Unnerved by the direction his mind was taking, he turned back to Mrs. Kitteridge. She had stopped to stare at him as well. “You were saying, madam,” he prompted, eager to let the strange moment pass.
She jerked in surprise and flushed. “Ah, yes. Synne.” She cleared her throat and turned back to her easel. “This was the time of the Viking colonization, you know, of Danelaw. The Norsemen were not welcome here, though the land was theirs by right. The villagers had a long memory, and did not forget the raiding of their monastery a century before. And so, when the Vikings came to settle the island, they were met with barely banked hostility. Synne was no different. She despised the Norsemen. She might have gone the way of many others in history, forgotten over the intervening years, a mere stepping-stone in the grand scheme of it all.”
Here she stopped, frowned, and erased a section of her drawing. Peter nearly growled his impatience. “What happened then?” he demanded, pushing away from the tree. Mrs. Kitteridge, however, was not listening. Instead she was talking quietly to Quincy as she attempted to fix whatever muddle her sketch had become mired in. Peter blew out a frustrated breath.
“One of the Vikings fell in love with her,” came Miss Hartley’s quiet voice.
He spun to face her. “I’m sorry?”
Her gaze darted to him for a moment before returning to her paper. “Synne dared to stand up to the Norseman Ivar. He resented being on the island, wanted to be sent to the mainland and the Jarldoms there, where the Danish political centers were located.”
Now that was something he understood only too well, Peter thought acidly, being forced someplace you had no wish to be.
“But Synne captivated him,” Lenora continued. “Despite himself, he fell in love with her.”

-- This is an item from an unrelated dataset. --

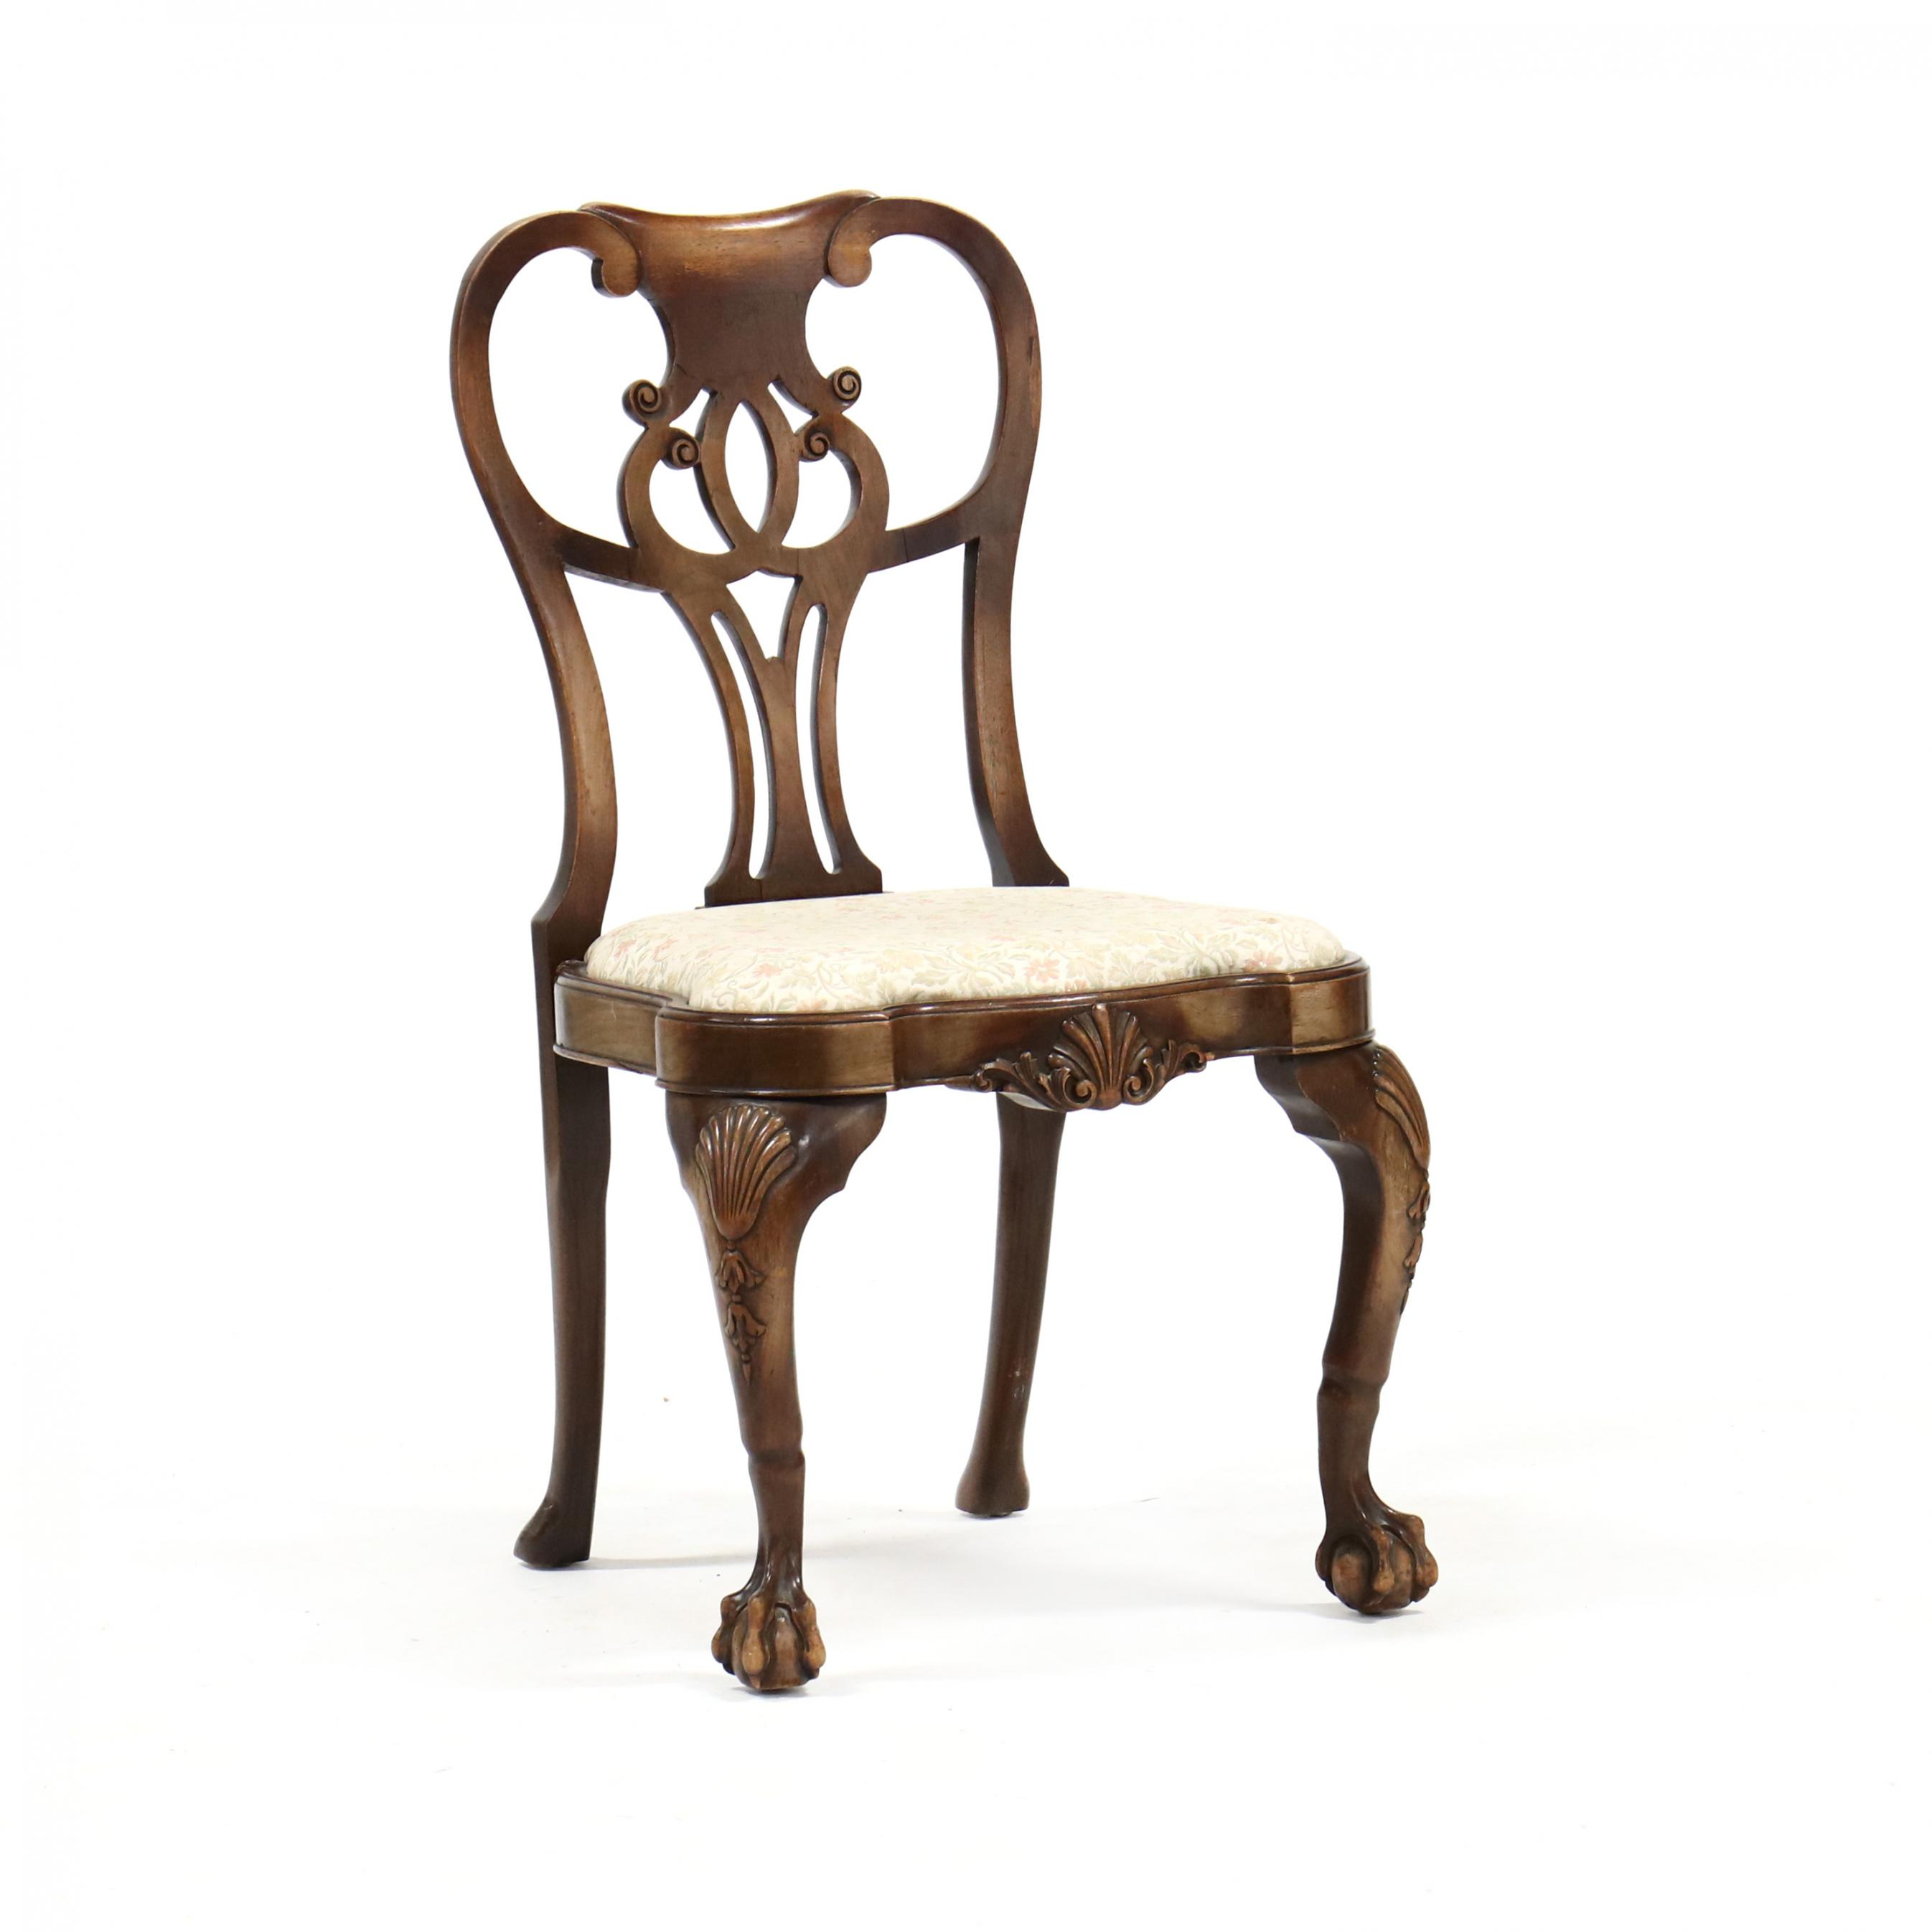 irish-chippendale-style-mahogany-side-chair

Her voice had taken on a magical cadence, drawing him in. Without knowing he was doing so, he stepped closer to her. “How do you know the story so well?”
She shrugged. “I came to stay with Lady Tesh often as a girl. This island is like a second home to me.” Her lips quirked, softening her face. “Margery and I begged her to tell us the stories every chance we got. And how could we not be fascinated? The Viking warrior, a brave maiden, true love.” Her smile wavered for a second, like a flame in a gust of wind, before it vanished, casting her face in shadows.
Was she thinking of Hillram and their doomed engagement? A sour feeling sat heavily in his gut at the thought. Confused—for it was unlike any emotion he had ever felt before—he slid his gaze from her profile to her drawing.
The valley was laid out on the paper, the minimal lines of her sketch imbuing a perfect—if strangely emotionless—sense of the place. Peter had the sudden desire to ask what had happened to Synne. Had she and her Viking lived happily together? At the last minute, however, he stopped himself. He didn’t want to know. He didn’t want to ruin this moment with the truth of it. For he knew, in his gut, that things could not have ended happily for the couple.
Perhaps there was a curse on this place if that was true. He looked at Miss Hartley’s downcast profile. For wasn’t she suffering through her own failed chance at love?
Again that sour feeling in his belly. Surely this wasn’t jealousy. He could not be jealous of the hold some dead man had on Miss Hartley’s affections.
Perhaps that walk wasn’t such a bad idea after all.
Without a word, Peter turned and strode away, down the back of the rise. Leaving his confusing feelings back in the grass at Miss Hartley’s feet.